Maximum sum by picking elements from two arrays in order | Set 2

Given two arrays A[] and B[], each of size N, and two integers X and Y denoting the maximum number of elements that can be picked from A[] and B[] respectively, the task is to find the maximum possible sum by selecting N elements in such a way that for any index i, either A[i] or B[i] can be chosen.
Note: It is guaranteed that (X + Y) >= N.

Examples:

Input: A[] = {1, 2, 3, 4, 5}, B[] = {5, 4, 3, 2, 1}, X = 3, Y = 2
Output: 21
i = 0 -> 5 picked
i = 1 -> 4 picked
i = 2 -> 3 picked
i = 3 -> 4 picked
i = 4 -> 5 picked
5 + 4 + 3 + 4 + 5 = 21

Input: A[] = {1, 4, 3, 2, 7, 5, 9, 6}, B[] = {1, 2, 3, 6, 5, 4, 9, 8}, X = 4, Y = 4
Output: 43

Greedy Approach: The greedy approach to solve this problem has already been discussed in this post.
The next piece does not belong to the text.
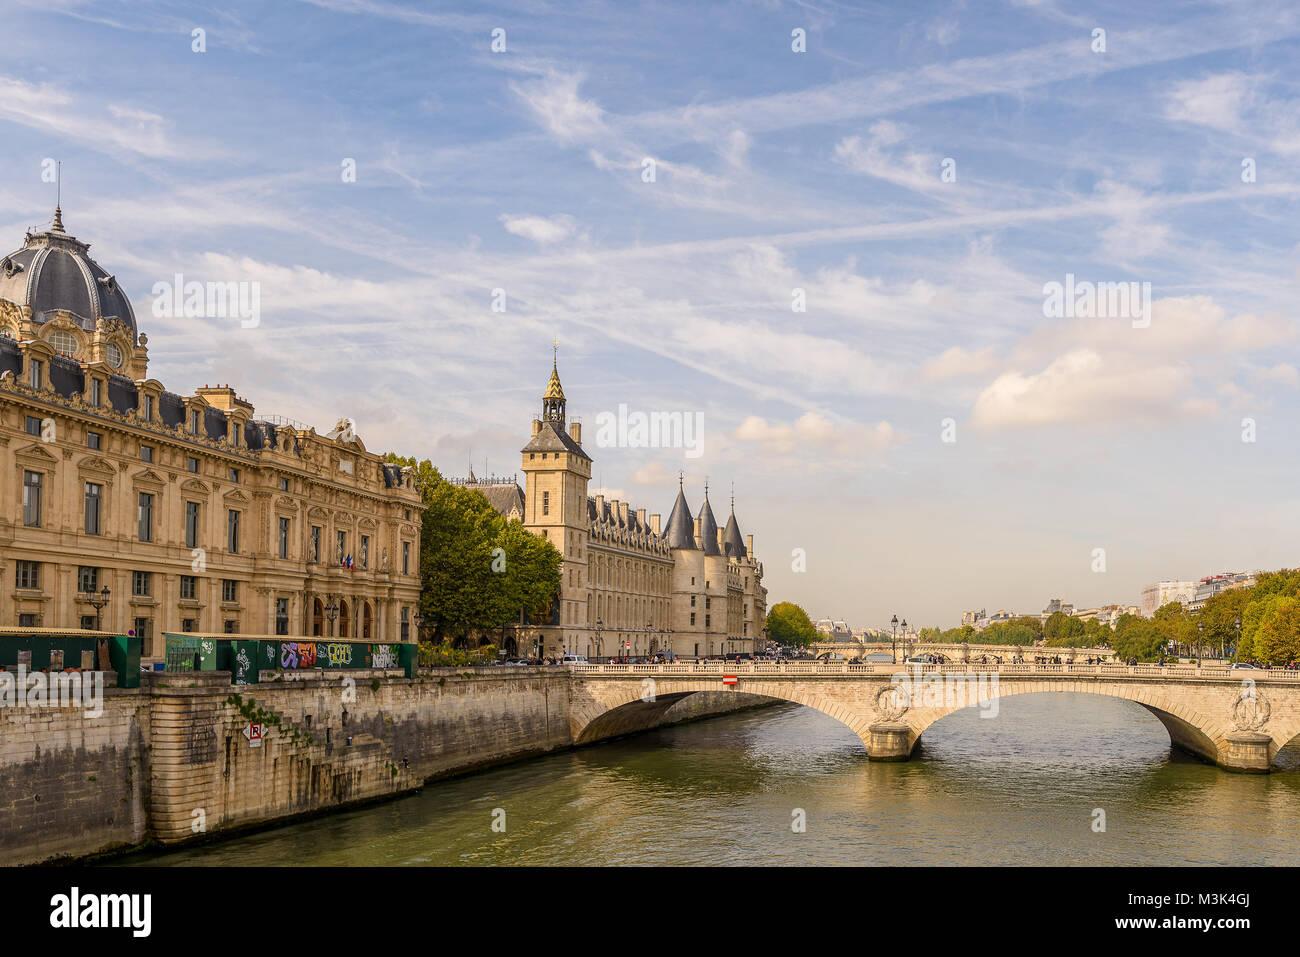 Color outdoor Paris cityscape photo of the bride Pont au Change over river Seine,view towards the commercial court,conciergerie,french - Stock Image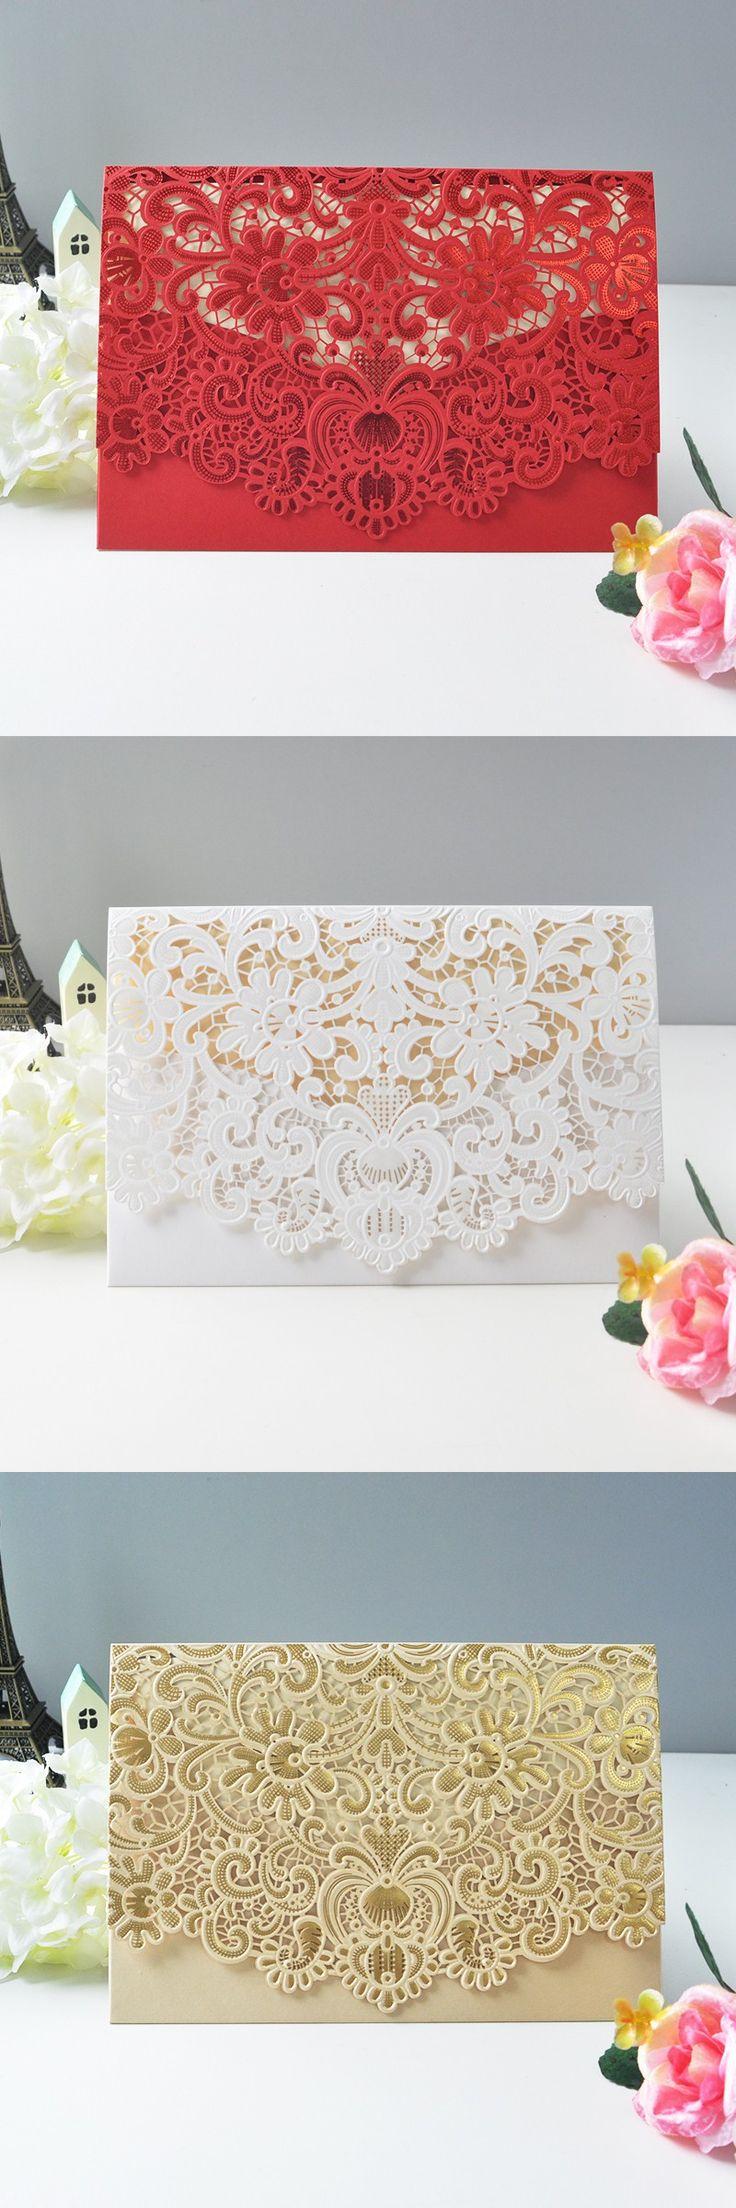 deer hunter wedding invitations%0A  sample Elegant flower design laser cut Wedding Invitation card white red  gold wedding invitations Free Printing

Dynamic Programming Approach: In this article, we are discussing a Dynamic Programming based solution.

Follow the steps below to solve the problem:

  1. Atmost min (N, X) elements can be selected from A[]and min(N, Y) elements can be selected from B[].
  2. initialise a 2D array dp[][] such that dp[i][j] contains the maximum sum possible by selecting i elements from A[] and j elements from B[] where i and j ranges within min (N, X) and min (N, X) respectively.
  3. Initialize a variable max_sum to store maximum sum possible.
  4. Traverse the array and for every array element do the following:
    • The (i + j)th element can either be A[i + j – 1] or B[i + j – 1].
    • If the (i + j)th element is selected from A[], then the cost of (i + 1)th element in A[] will be added to the total cost. Hence, the cost of selecting (i + 1)th element is dp[i][j] = dp[ i – 1 ][ j ] + A[ i + j – 1 ] for this case.
    • If the (i + j)th element is selected from B[], then the cost of selecting (i + 1)th element is dp[i][j] = dp[ i – 1 ][ j ] + B[ i + j – 1 ].
  5. Now, the target is to maximize the cost. Hence, the recurrence relation is:

    dp[i][j] = max(dp[ i – 1 ][ j ] + A[ i + j – 1 ], dp[ i – 1 ][ j ] + B[ i + j – 1 ])

  6. Keep updating max_sum after every iteration. After complete traversal of the array print the final value of max_sum.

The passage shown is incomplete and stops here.